Ini berbeda-beda menurut perbedaan orang-orang dan keadaan mereka. Apabila tiba di majelis guru dan tidak menemukannya, iya harus menunggunya dan tetap tinggal di pintunya. Janganlah menimbulkan tugasnya, kecuali bila ia takut gurunya tidak menyukai hal itu dengan mengetahui bahwa gurunya mengajar dalam waktu tertentu dan tidak mengejar di waktu yang lain.
Apabila mendapati guru sedang tidur atau mengerjakan sesuatu yang penting, hendaklah ia tidak meminta izin masuk kepadanya, tetapi menunggu sampai iya bangun atau selesai dari pekerjaannya. Bersabar lebih utama sebagaimana dilakukan oleh Ibnu Abbas dan lainnya.
Hendaklah ia mendorong dirinya untuk bekerja keras dalam menuntut ilmu di waktu senggang dalam keadaan dia dan kuat, cerdas pikiran dan sedikit kesibukan lainnya sebelum nampak gejala-gejala ketidakmampuan dan sebelum mencapai kedudukan yang tinggi.
Amirul mukminin Umar ibnu Khattab berkata: Belajarnya ilmu agama sebelum kamu diangkat menjadi pemimpin.

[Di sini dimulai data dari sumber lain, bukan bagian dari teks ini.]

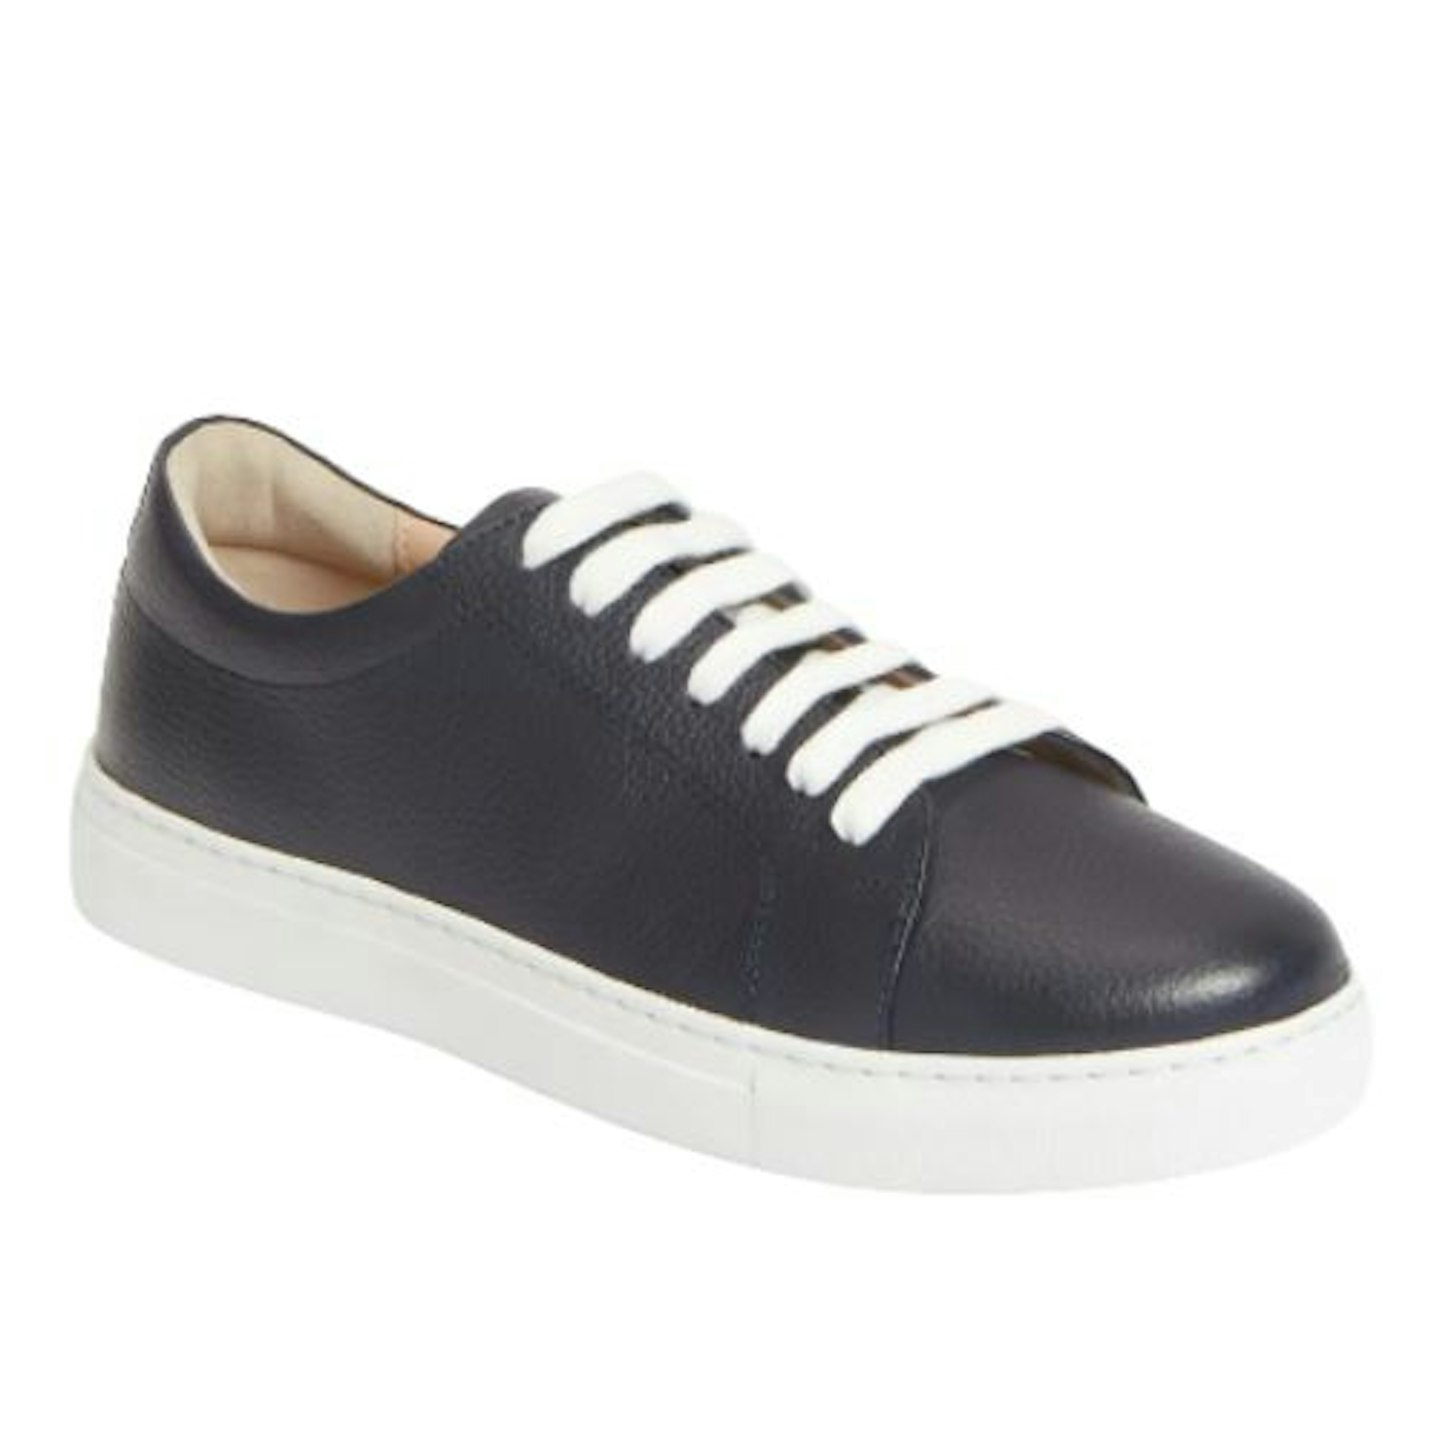 John Lewis Florette Wide Fit Leather Trainers

Artinya: Berijtihadlah dengan segenap kemampuan mu ketika kamu menjadi pengikut sebelum kamu menjadi pemimpin, karena jika menjadi pemimpin yang diikuti, kamu tidak mau belajar karena kedudukanmu yang tinggi dan kesibukanmu yang banyak.

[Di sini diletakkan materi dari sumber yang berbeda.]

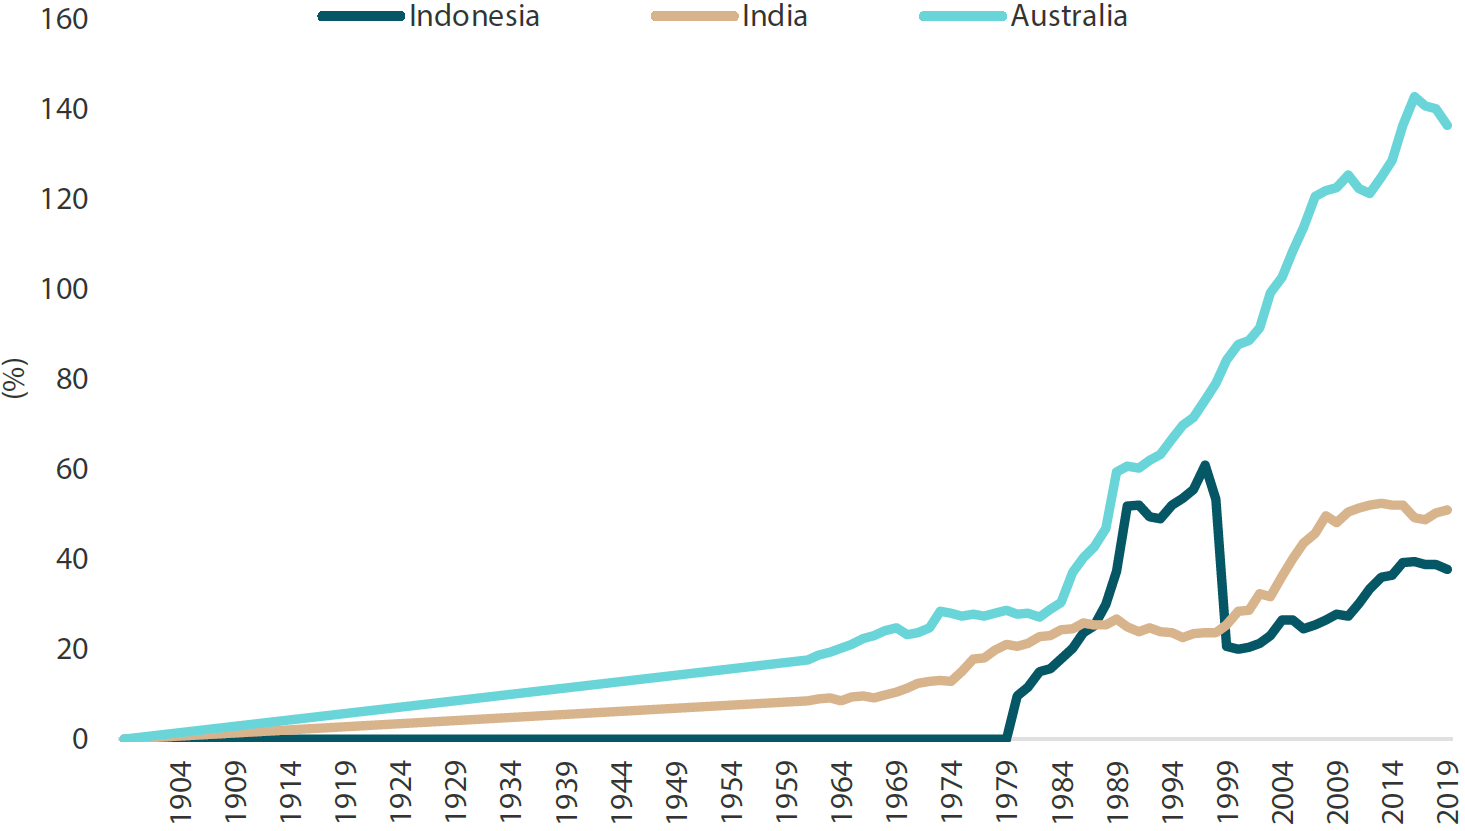 Domestic private credit to nominal GDP (%) of Indonesia, India and Australia

Inilah makna perkataan Al-Imam Asy-Syafii: Belajarlah ilmu agama sebelum kamu menjadi pemimpin. Jika kamu menjadi pemimpin, tidak ada jalan untuk belajar ilmu.
Adab-adab umum
Hendaklah belajar ilmu kepada guru di awal siang, sesuai dengan hadits Nabi SAW:
“Ya Allah, berkatilah umatku pada awal waktunya.”²⁴
Pelajar harus memelihara bacaan hafalan-hafalannya dan ia tidak boleh mengutamakan orang lain pada waktu tiba giliran nya, karena mengutamakan orang lain dalam ibadah adalah makruh, berbeda dengan mengutamakan orang lain dalam urusan dunia, karena hal itu disukai.
Apabila Syeikh berpendapat adanya maslahat dalam mengutamakan orang lain pada suatu waktu karena alasan makna syar’iy, lalu menyuruhnya melakukan itu, maka ia patuhi perintahnya.

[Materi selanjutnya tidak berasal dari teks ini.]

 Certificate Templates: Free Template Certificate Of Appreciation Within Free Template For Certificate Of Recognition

Di antara yang wajib atasnya dan harus dilakukannya iyalah tidak iri kepada seorang temannya atau lainnya atas suatu keutamaan yang di anugerahkan Allah kepadanya dan tidak membanggakan dirinya atas prestasi yang dicapainya. Telah kami kemukakan penjelasan hal ini dalam adab-adab Syeikh dan caranya untuk menyingkirkan kebanggaan diri ialah mengingatkan dirinya bahwa ia tidak memperoleh hal itu dengan daya dan kekuatannya, tetapi dari kemurahan Allah.
Maka ia tidak boleh merasa bangga dengan sesuatu yang tidak diciptakannya, tetapi Allah Ta’ala menetapkannya padanya.
Caranya dalam menyingkirkan rasa iri ialah dengan mengetahui bahwa hikmah Allah Ta’ala menghendaki keutamaan ini pada orang lain. Maka ia tidak boleh menyanggahnya dan tidak membenci hikmah yang dikehendaki Allah Ta’ala dan tidak dibenci-Nya.